Metastatic kidney cancer patients on systemic therapy often develop resistance to limited sites that leads to changing of the systemic therapy. Local therapy to the sites of progression may allow patients to continue on the same systemic therapy that is otherwise effective and being tolerated well. Hypothesis: Stereotactic ablative radiation (SAbR) can delay the change of systemic therapy with oligoprogressive renal cell cancer (RCC) and improve progression free survival (PFS). Primary Objectives: • To evaluate the benefit of SAbR for oligo-progressive mRCC (Metastatic Renal Cell Cancer). Secondary Objectives: • To measure the toxicity, safety and tolerance of concurrent systemic therapy and SAbR for mRCC patients and its impact on quality of life.

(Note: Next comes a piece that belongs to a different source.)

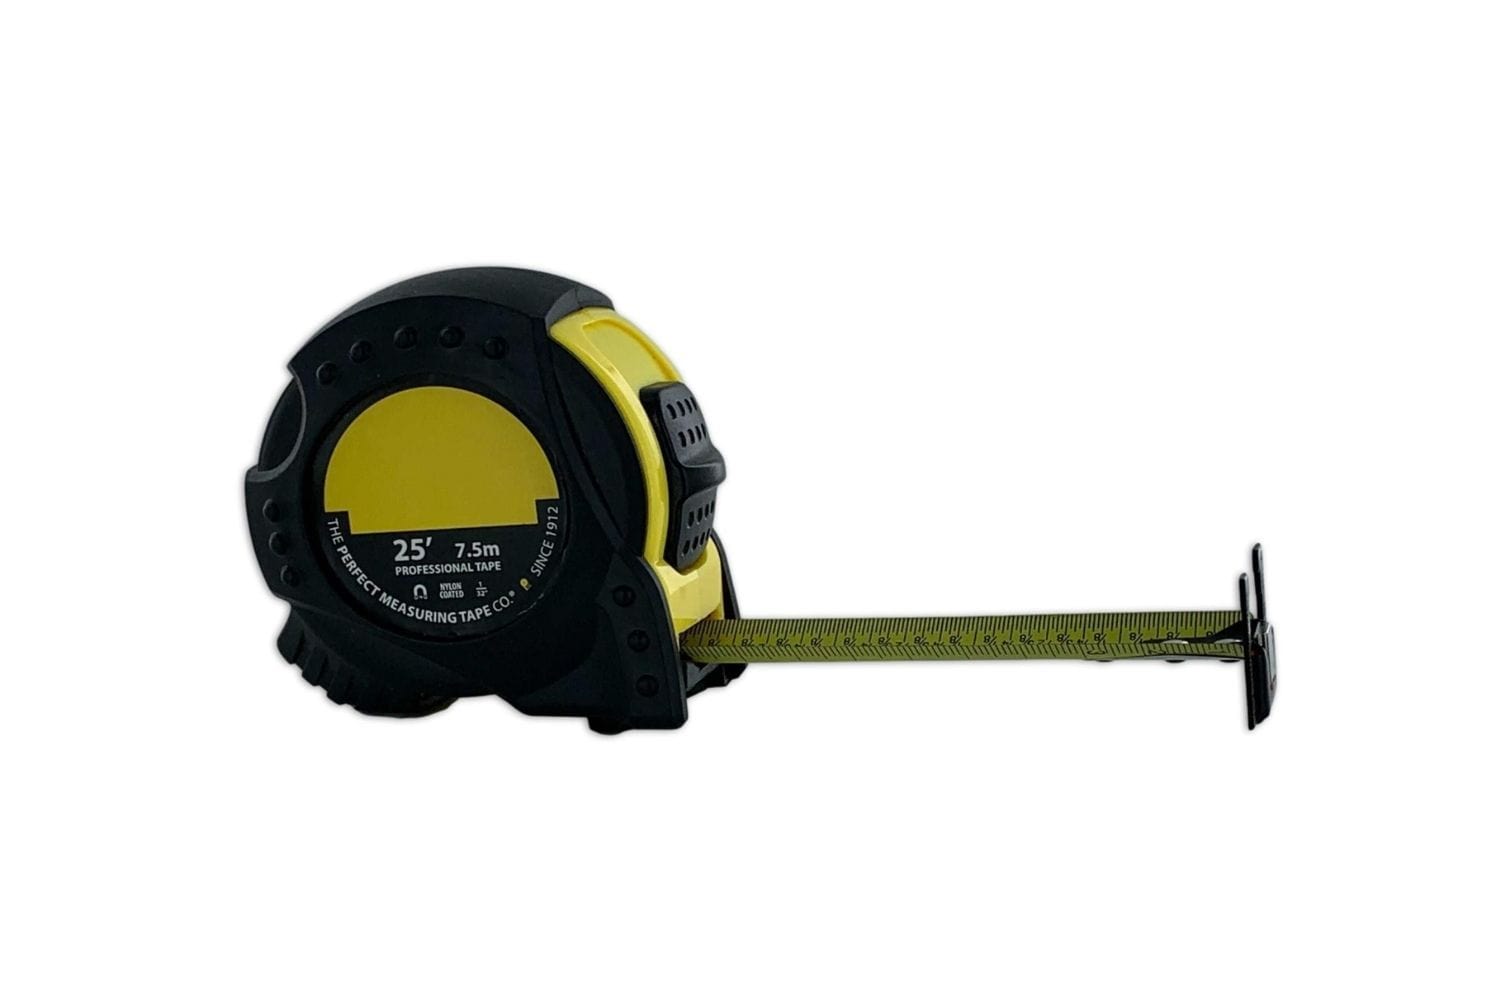 HAUTMEC Measuring Tape 25Ft-Double Side Metric and Inches Black Tape, –  Hautmectools

The study is a prospective phase II, single arm, open label trial evaluating Stereotactic Ablative Radiation Therapy (SAbR) for patients with oligo-progressive RCC (Renal Cell Cancer). Problem Statements: * Can local therapy (SAbR) for oligoprogression delay the change of systemic therapy if progression is minimal to the progressive sites? * Safely delaying the change of systemic therapy can have significant quality of life benefits for patients with oligo-progressive RCC. * Can SAbR potentially improve progression free survival in oligoprogressive RCC patients? Primary Endpoint: • Time to change of systemic therapy. Secondary Endpoint: * PFS on subsequent systemic therapy (PFS-SST) after progression on SAbR. * Overall survival(OS). * Toxicity, safety and tolerance. * Impact on health-related quality of life (HRQoL). Sample Size: 20 Patients Statistical Analysis: Time to event will be estimated using the Kaplan-Meier approach along with the 95% confidence interval.
Study Type
INTERVENTIONAL
Allocation
NA
Purpose
TREATMENT
Masking
NONE
Enrollment
21
SAbR treatment regimens including ≥25Gy x1 fraction, ≥12Gy x 3 fractions, or ≥8Gy x 5 fractions.
University of Texas Southwestern Medical Center
Dallas, Texas, United States
Time to change of systemic therapy
SAbR for oligo-progression will be measured to delay the change of systemic therapy.
Time frame: 2 Years
Progression-free survival (PFS)
Progression-Free Survival on systemic therapy started (PFS-ST) after progression on SAbR with existing or new progression at \>3 or \>30% of all lesions.
Time frame: 6 years
Overall survival
Overall Survival (OS), which is defined as the time between date of registration and the date of death due to any cause.
Time frame: 6 Years
Number of participants with adverse events
Severity or Toxicity will be assessed according to the National Cancer Institute (NCI) Common Toxicity Criteria for Adverse Events (CTCAE), version 5.0. The consequences of toxicity should all be graded 1-5 according to the Common Terminology Criteria for Adverse Events (CTCAE), version 5.0.
Time frame: 6 Years
Health-related quality of life (HRQOL)
HRQoL will be measured using Functional Assessment of Cancer Therapy (FACT-G)questionnaire. The FACT-G is a 28-item questionnaire that uses 5-point Likert-type response choices (0 = not at all; 1 = a little bit; 2 =somewhat; 3 = quite a bit; 4 = very much). Possible scores range from 0-4, where higher scores indicate better outcome.
Time frame: 6 Years
Health-related quality of life (HRQOL)
HRQoL is measured using EuroQoL- 5 Dimension (EQ-5D) questionnaire. EQ-5D is a patient self-administrated questionnaire. The first part consists of 5 items covering 5 dimensions including: mobility, self care, usual activities, pain/discomfort, and anxiety/depression. Each dimension can be graded on 3 levels: 1-no problems, 2-moderate problems, and 3-extreme problems. Health states are defined by the combination of the leveled responses to the 5 dimensions, generating 243 health states to which unconsciousness and death are added. The 5-item index score is transformed into a utility score between. Possible scores range from 0-1, where higher score indicates better outcomes ( 0 ="Worst health state," and 1="Best health state." )
Time frame: 6 years
Quality of life (QOL)
HRQoL will be measured using Kidney Symptom Index (FKSI) questionnaire. FKSI is a 15 question validated symptom index for kidney cancer patients that uses 5-point Likert-type response choices (0 = not at all; 1 = a little bit; 2 =somewhat; 3 = quite a bit; 4 = very much). Possible scores range from 0-4, where higher scores indicate better outcome.
Time frame: 6 years
Quality of life with cost involved
QOL will be measured using Cost \& Convenience Questionnaire. This outcome measure will not be used and data will not be collected or analyzed because of a protocol amendment Version 4 approved on 06/26/2020.
Time frame: 6 years
Local control
Radiographic progression with \>20% increase in the longest diameter of the treated lesions. This outcome measure will not be used and data will not be collected or analyzed because this outcome measure was added in error at the time of the initial registration.